• Work request:
Please output the listing that follows exactly, but keep all images out.

• Data block:

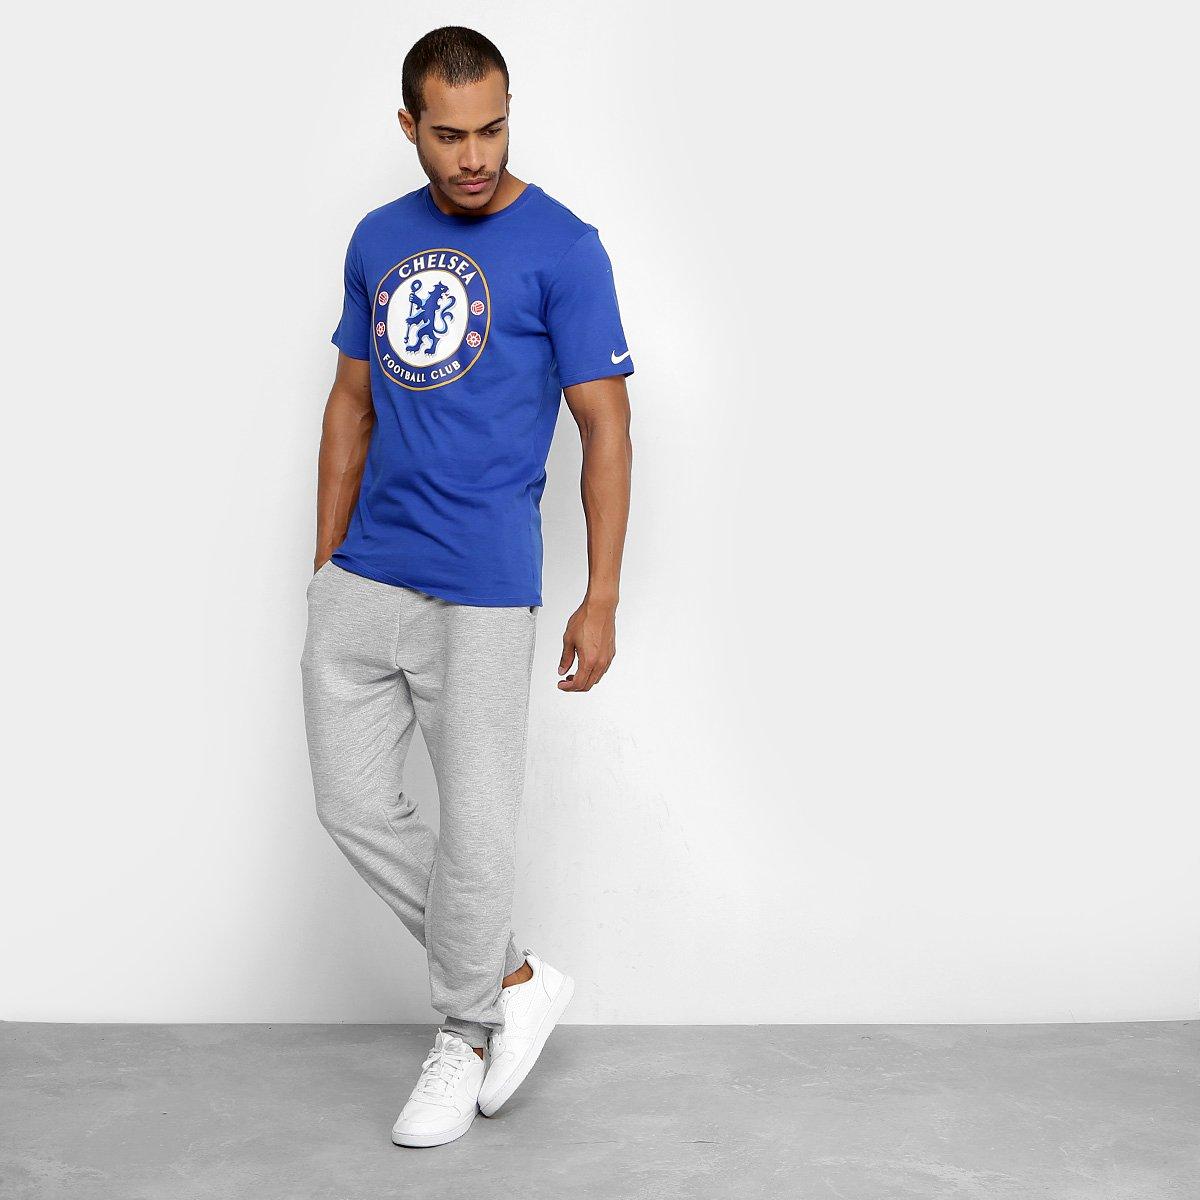 ee7e562a94 Camiseta Chelsea Evergreen Crest Nike Masculina - Compre Agora ...
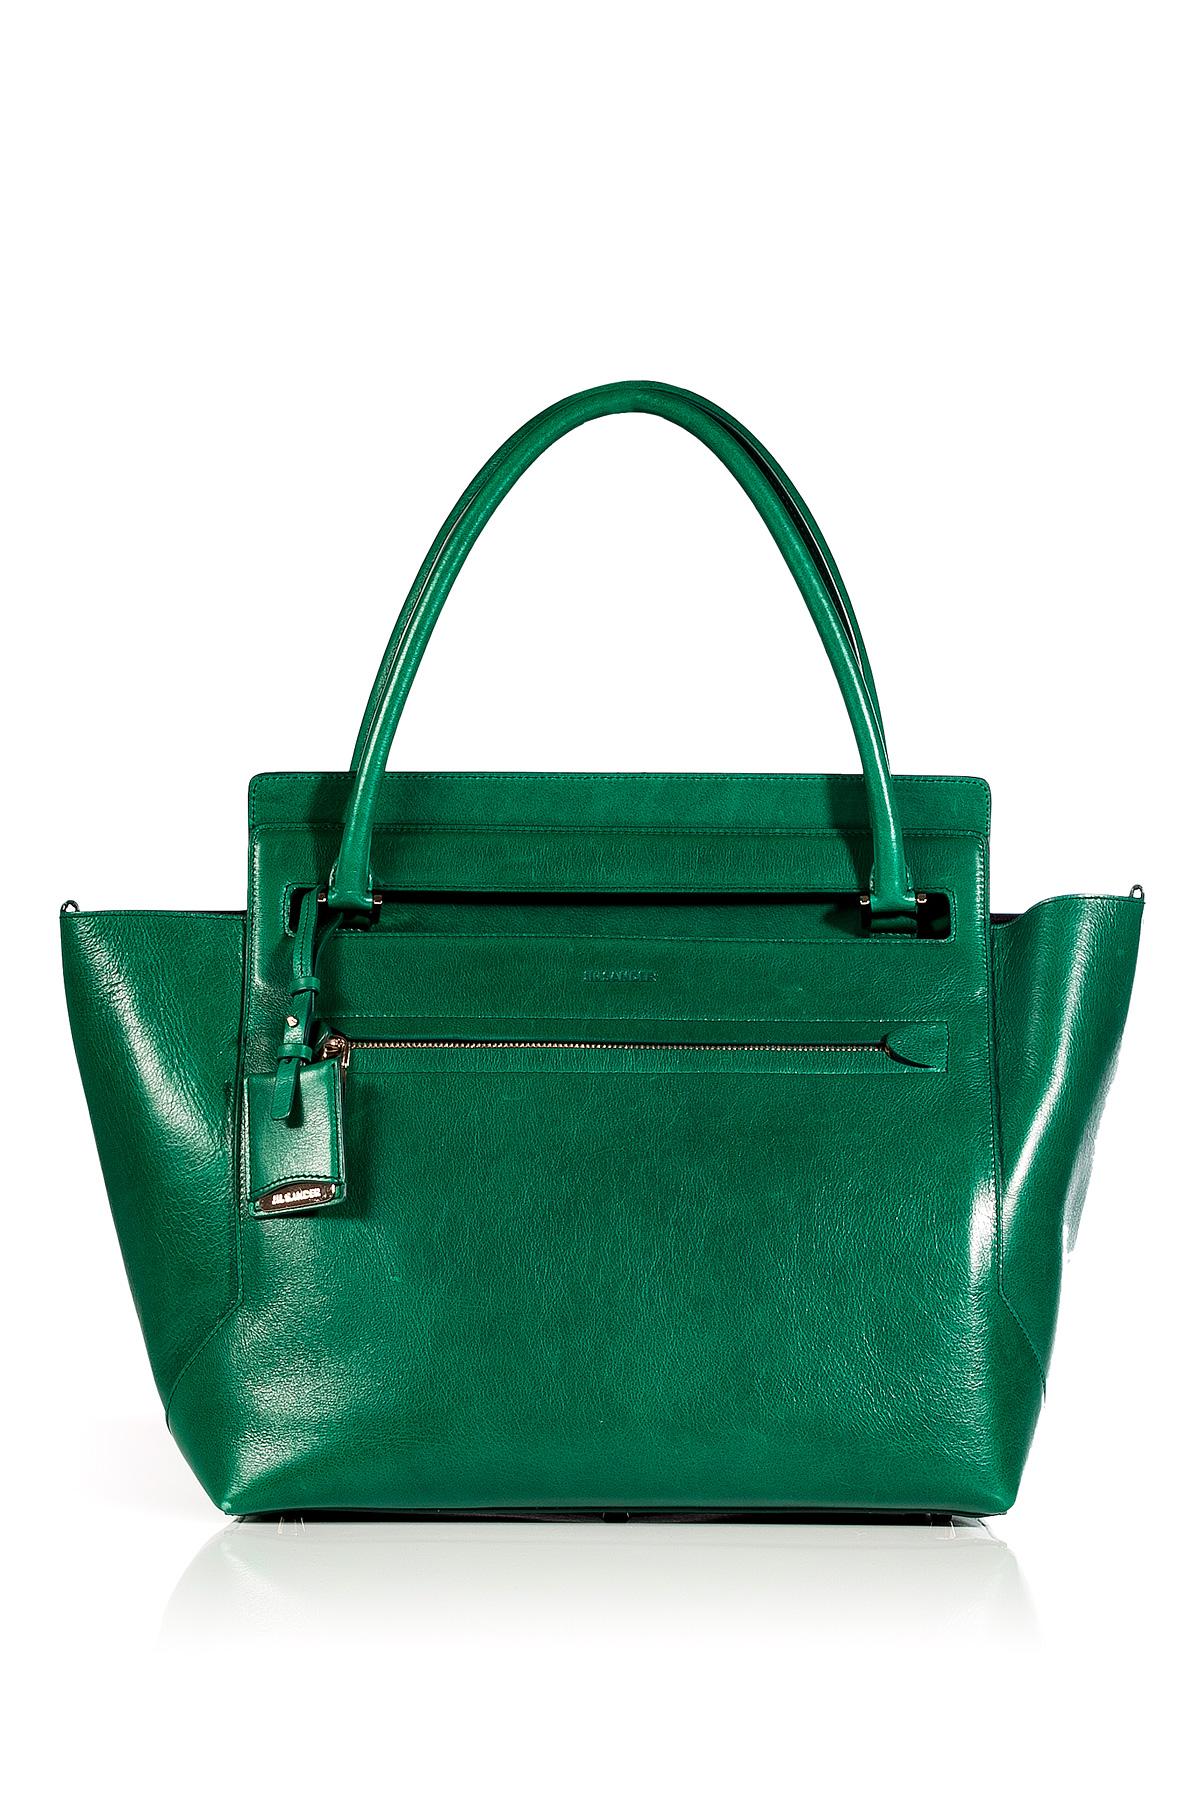 7fb5483a58 Lyst - Jil Sander Emerald Leather New Malavoglia Bag in Green
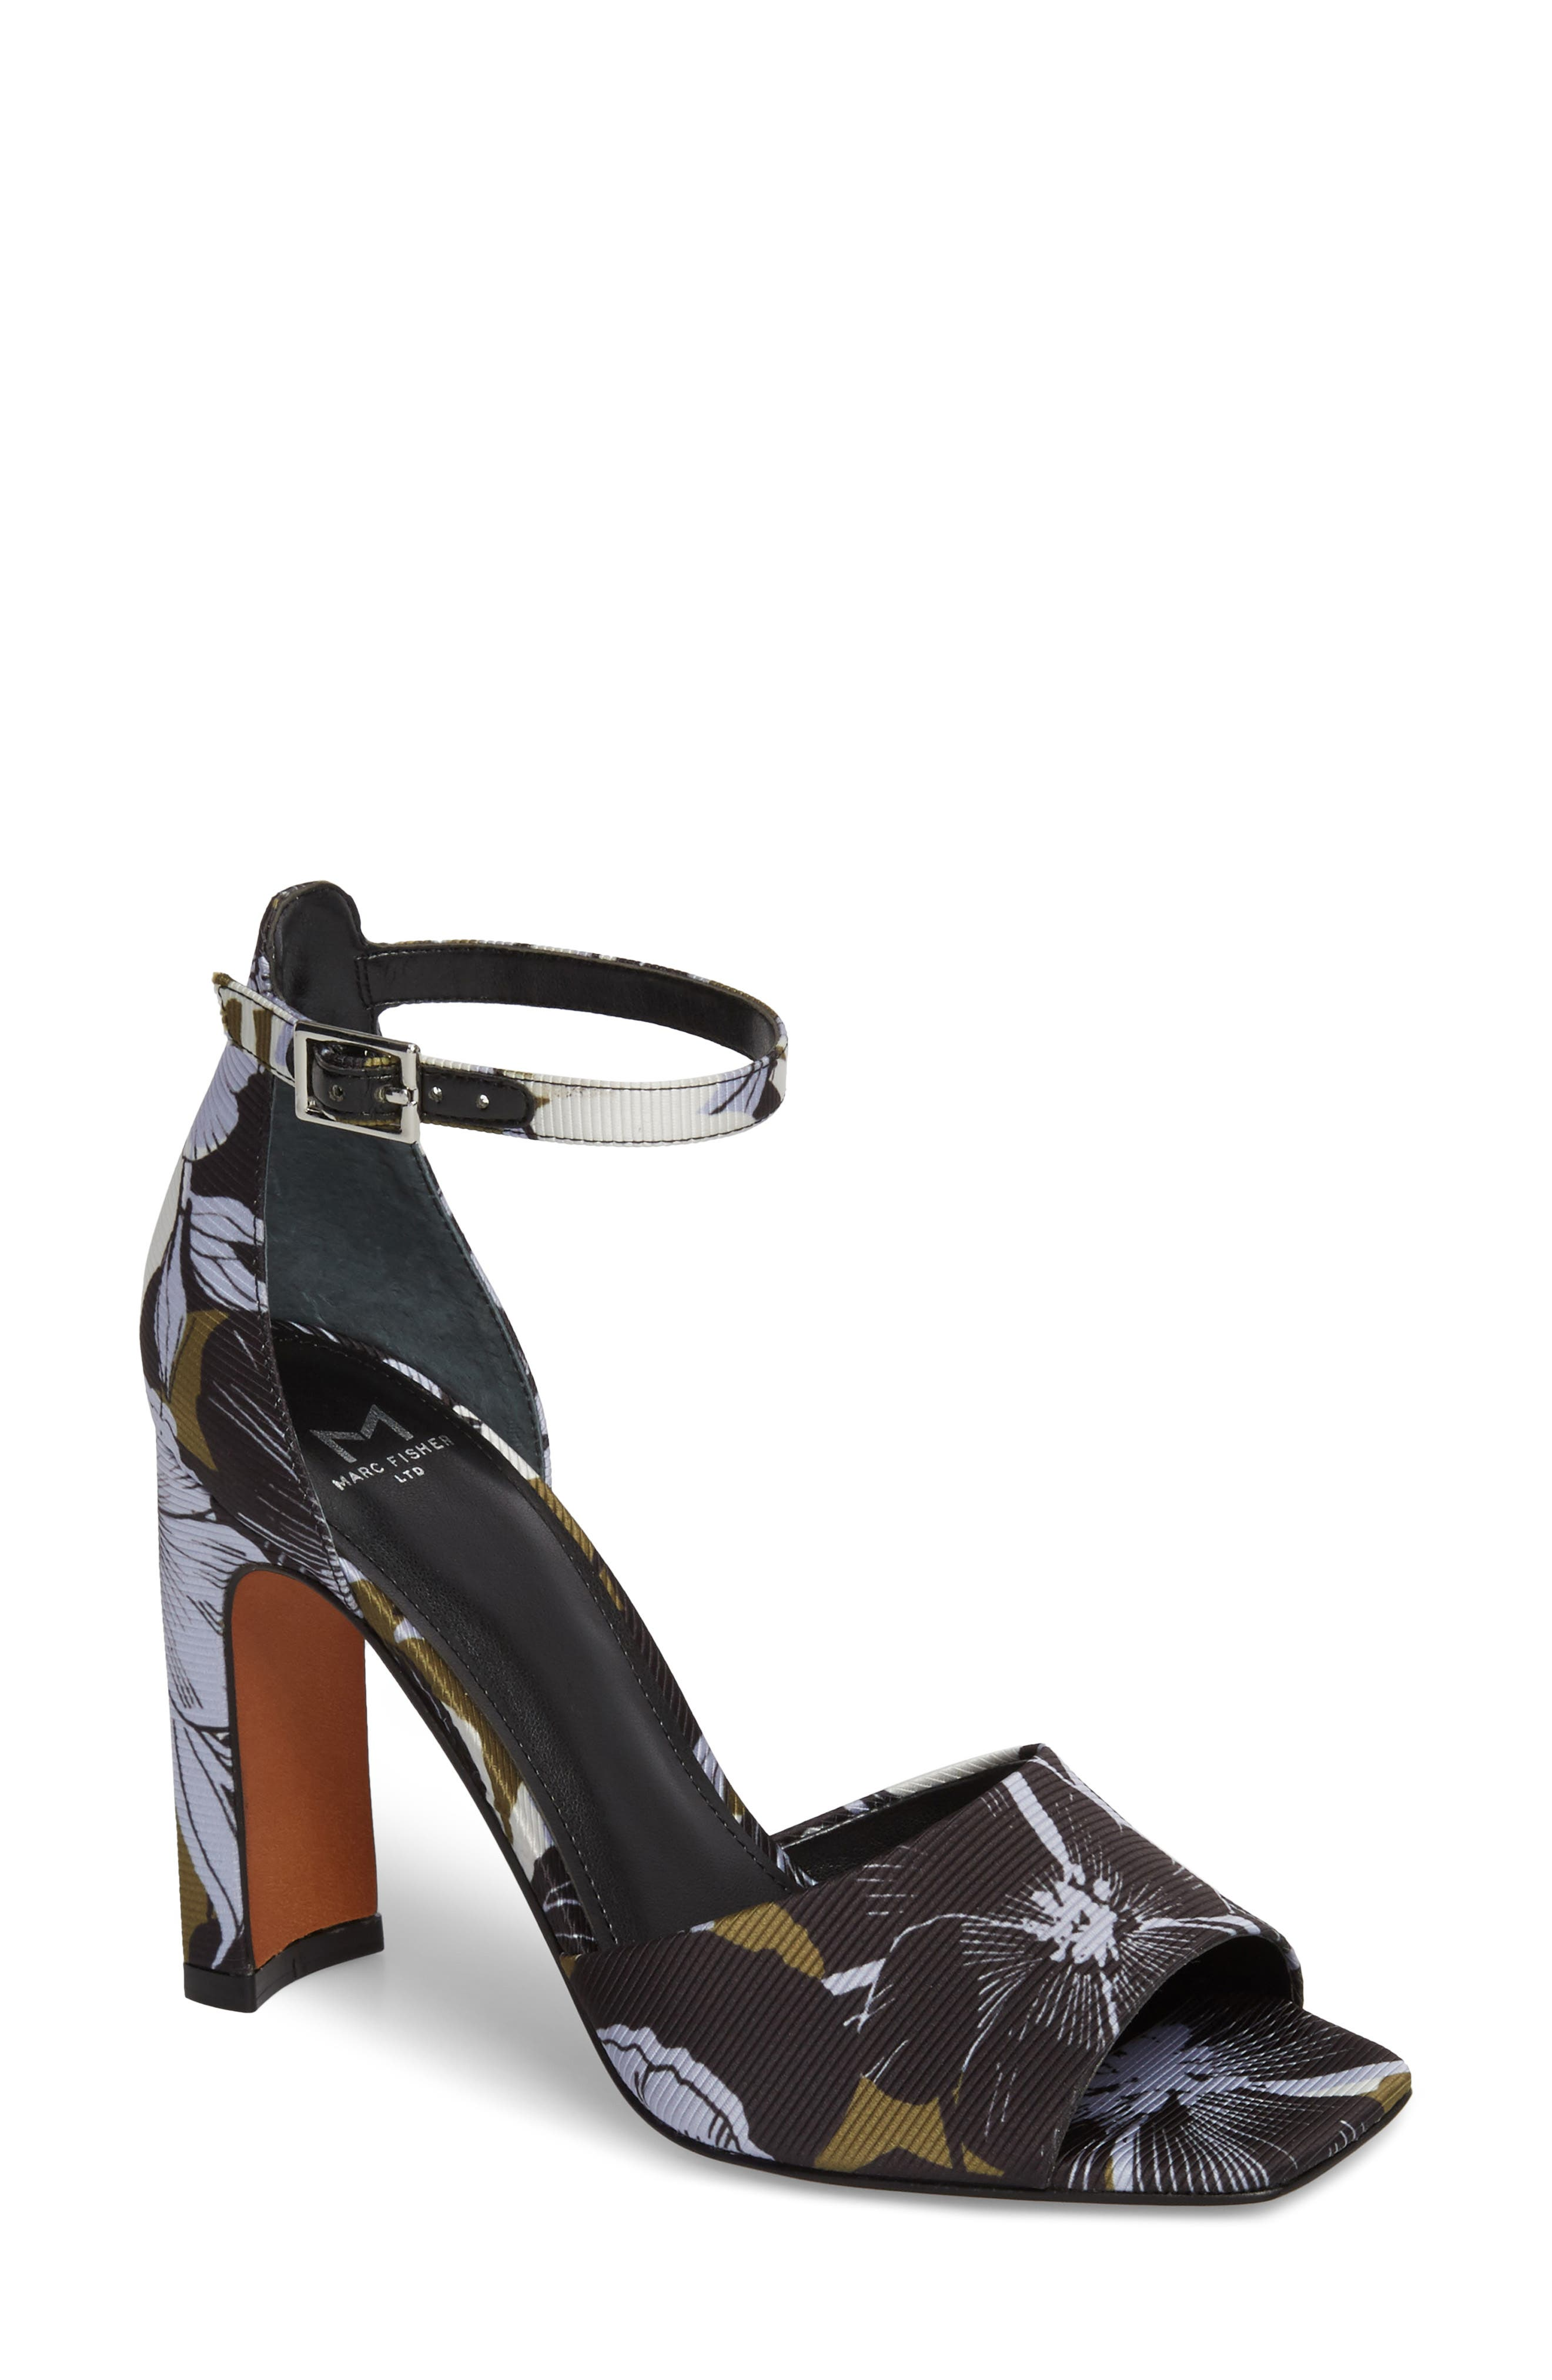 Harlin Ankle Strap Sandal,                             Main thumbnail 1, color,                             Jungle Print Fabric

• Solution to the problem:
 ee7e562a94 Camiseta Chelsea Evergreen Crest Nike Masculina - Compre Agora ...
 7fb5483a58 Lyst - Jil Sander Emerald Leather New Malavoglia Bag in Green
 Harlin Ankle Strap Sandal,                             Main thumbnail 1, color,                             Jungle Print Fabric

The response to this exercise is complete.